High Score’s interview subjects include Richard Garriot (Ultima), John Tobias (Mortal Kombat), Akira Yasuda (Street Fighter), Gail Tilden (Nintendo), and Roberta Williams (King’s Quest). Most are surprisingly candid, and share original sketches, design documents, and other artifacts that are genuinely cool to see get a loving presentation. The show also takes care to illustrate that video games of this era were inspired by things that are not video games: roller coasters (Sonic the Hedgehog) or watercolor paintings (Final Fantasy) or H.G. Wells (Space Invaders). The amount of material is dizzying, and also wide in its scope. Executives are interviewed alongside fans who won early gaming competitions; it would feel comprehensive if the series’ construction wasn’t so haphazard, leaping from one subject to the next to provide a disjointed narrative. 

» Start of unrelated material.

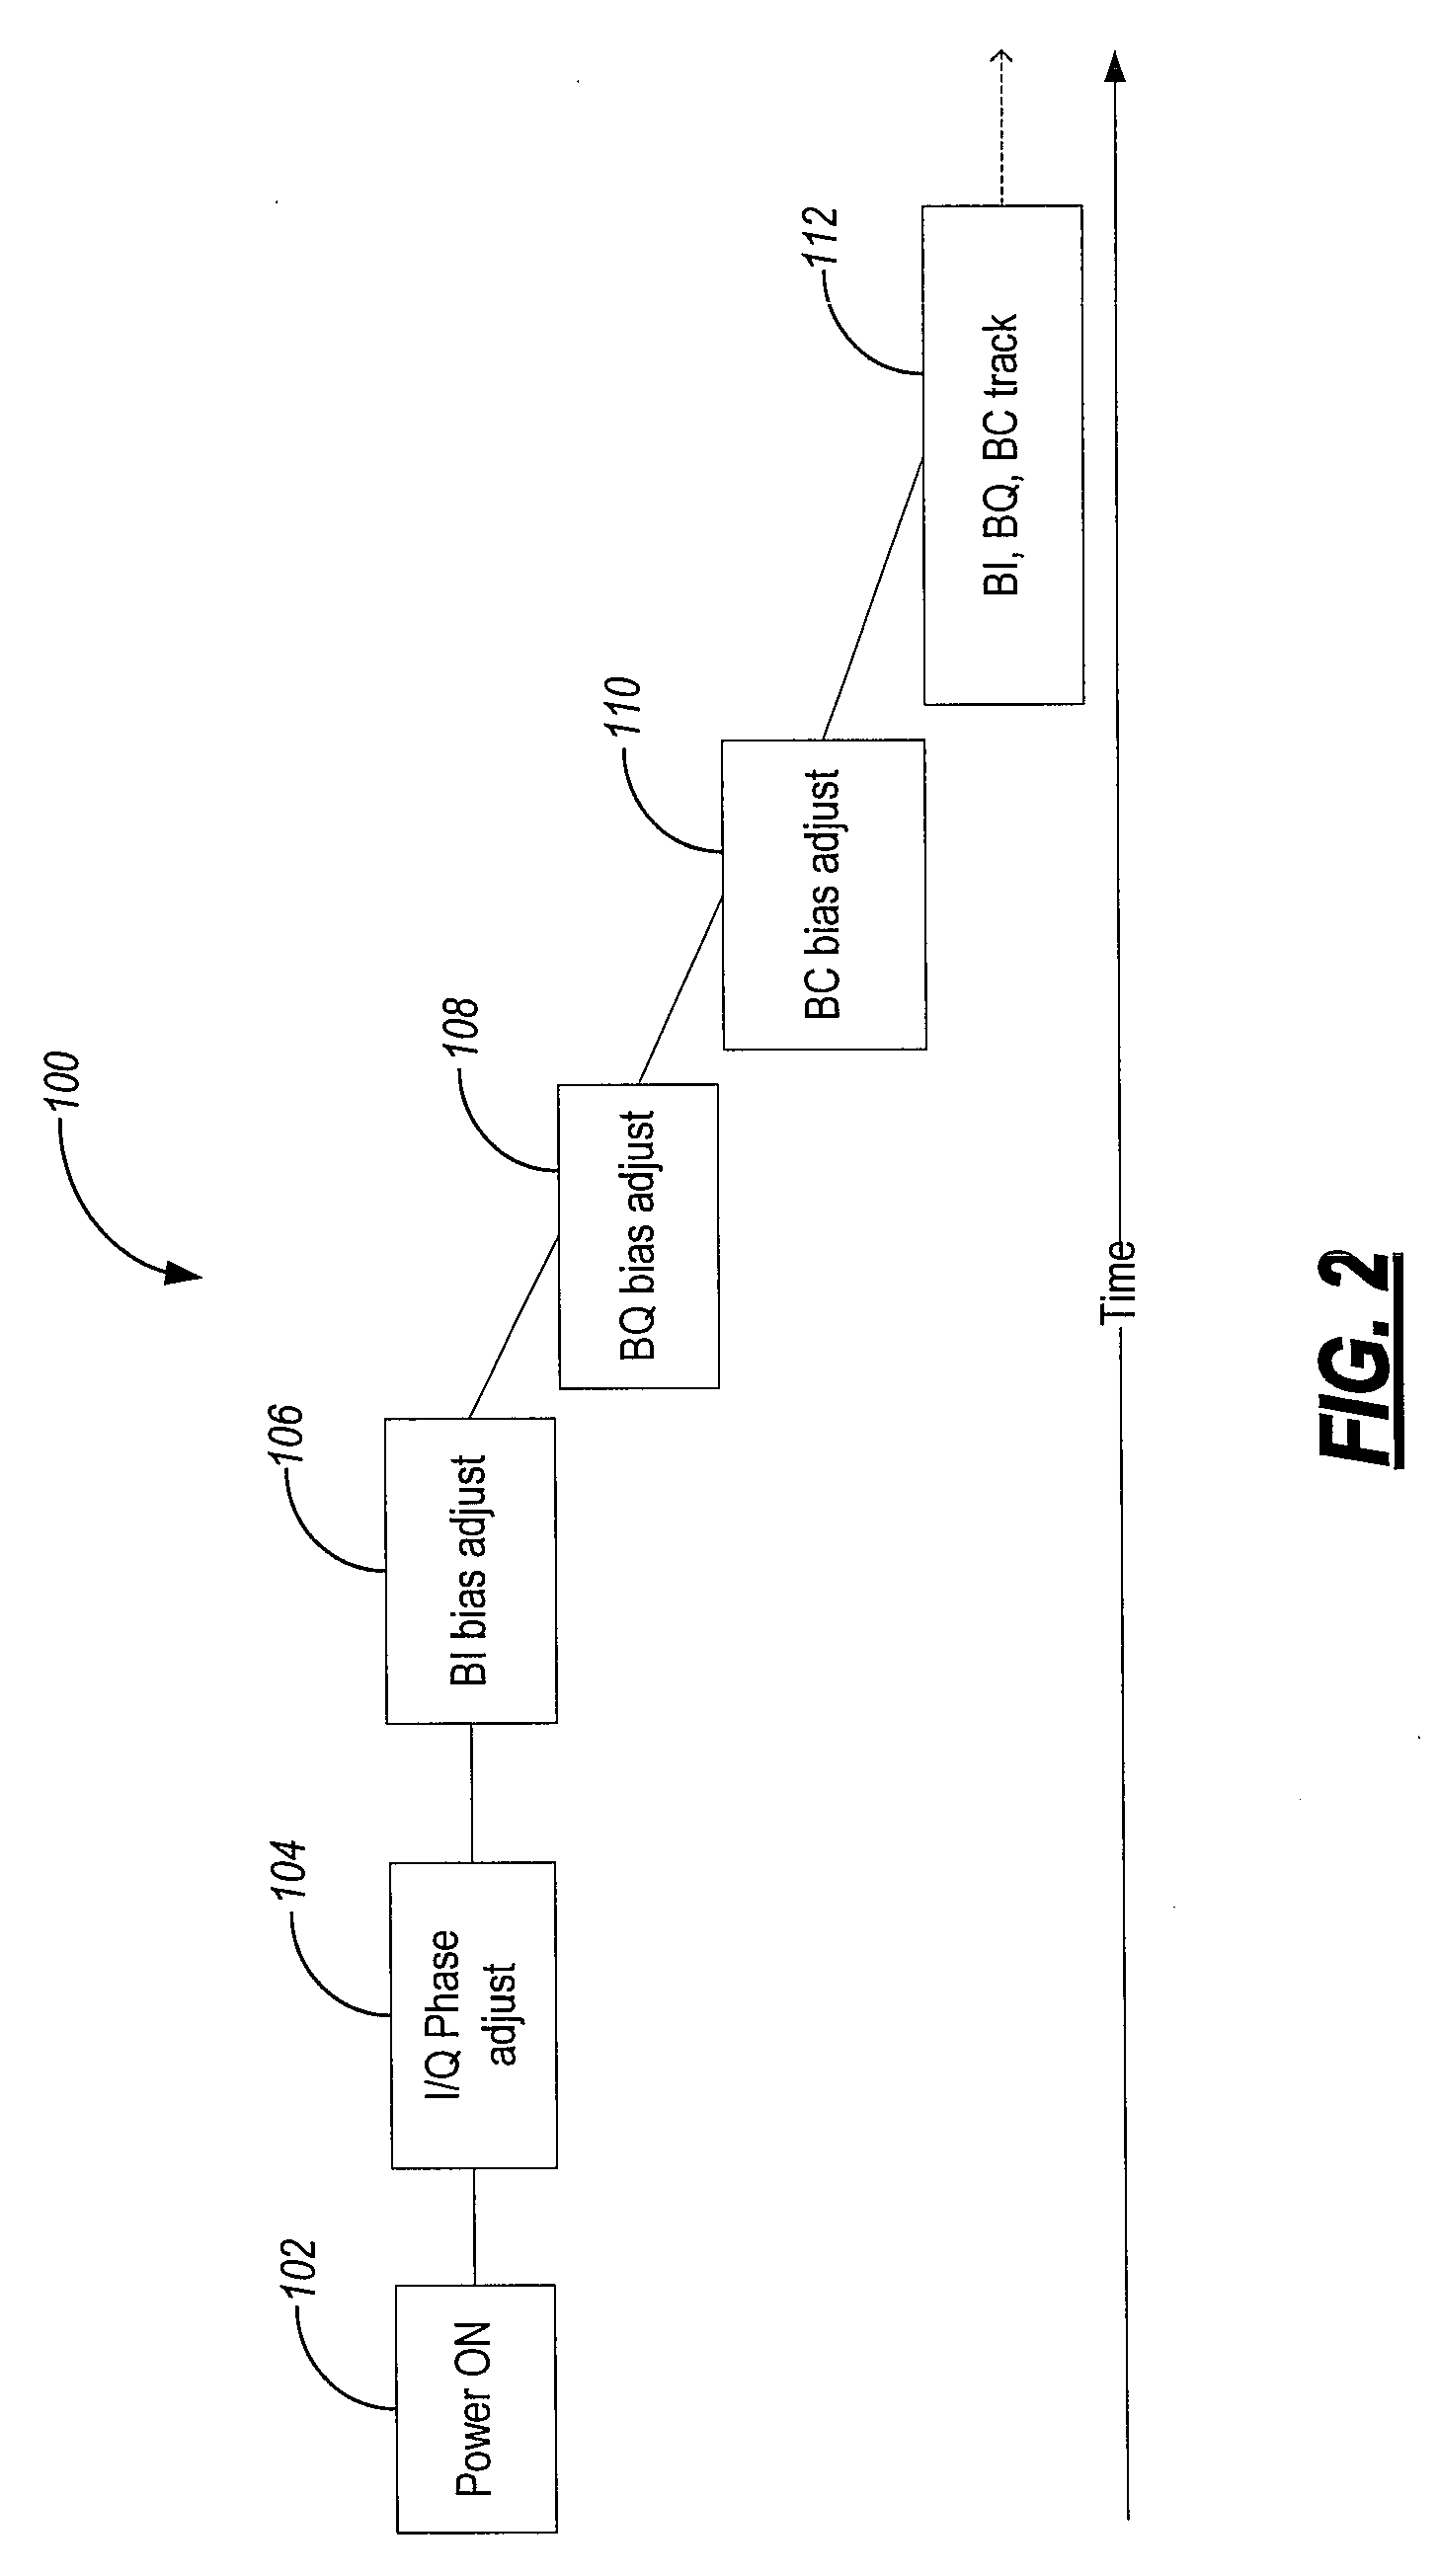 Systems and methods for dqpsk modulator control using selectively inserted dither tone

Then there’s Shaun Bloom. High Score introduces him in its second episode; he was one of Nintendo’s “Game Counselors,” staffing a hotline Nintendo players could call for tips when they’re stuck. Through its narration — and quotes from Bloom — High Score depicts Game Counselors as a fortunate bunch, people lucky enough to play games for a living. Bloom seems to agree, remembering his youth in a call center fondly, but also remembering a taskmaster of a boss, a lack of support for developers that forced counselors mainline games to make their own guides, and an aggressive schedule where they were encouraged to log as many calls an hour as they could. 

Courtesy of Netflix

Again, Bloom seems to have a rosy memory of this, but in the context of what we know about video games today, rife with crunch culture and underpaid labor — it reads as painfully disingenuous, portraying an idyllic career that, as we now know, barely ever existed. 

High Score presents video games as a great equalizer: a boundless medium where the limits are only a single person’s imagination, an art form where who you are does not matter, whether you make these adventures or play them. It does not have any interest in exploring the gatekeepers, inside and out of the industry, who have made this vision as simplistic as it is wrong. In this, the series undermines the goodwill garnered by its focus on the marginalized, glossing over the fact that they are notable in spite of an industry that actively excluded them.

High Score’s version of the video game story celebrates games as a place where people like Ryan Best and Rebecca Heineman can do boundary-pushing work, not a place where they have long been — and arguably remain — in danger of being forgotten. It’s a pernicious cycle. If shows like High Score are the only video game documentaries that are made, then the industry will continue to overlook a whole new generation of Ryan Bests and Rebecca Heinemans.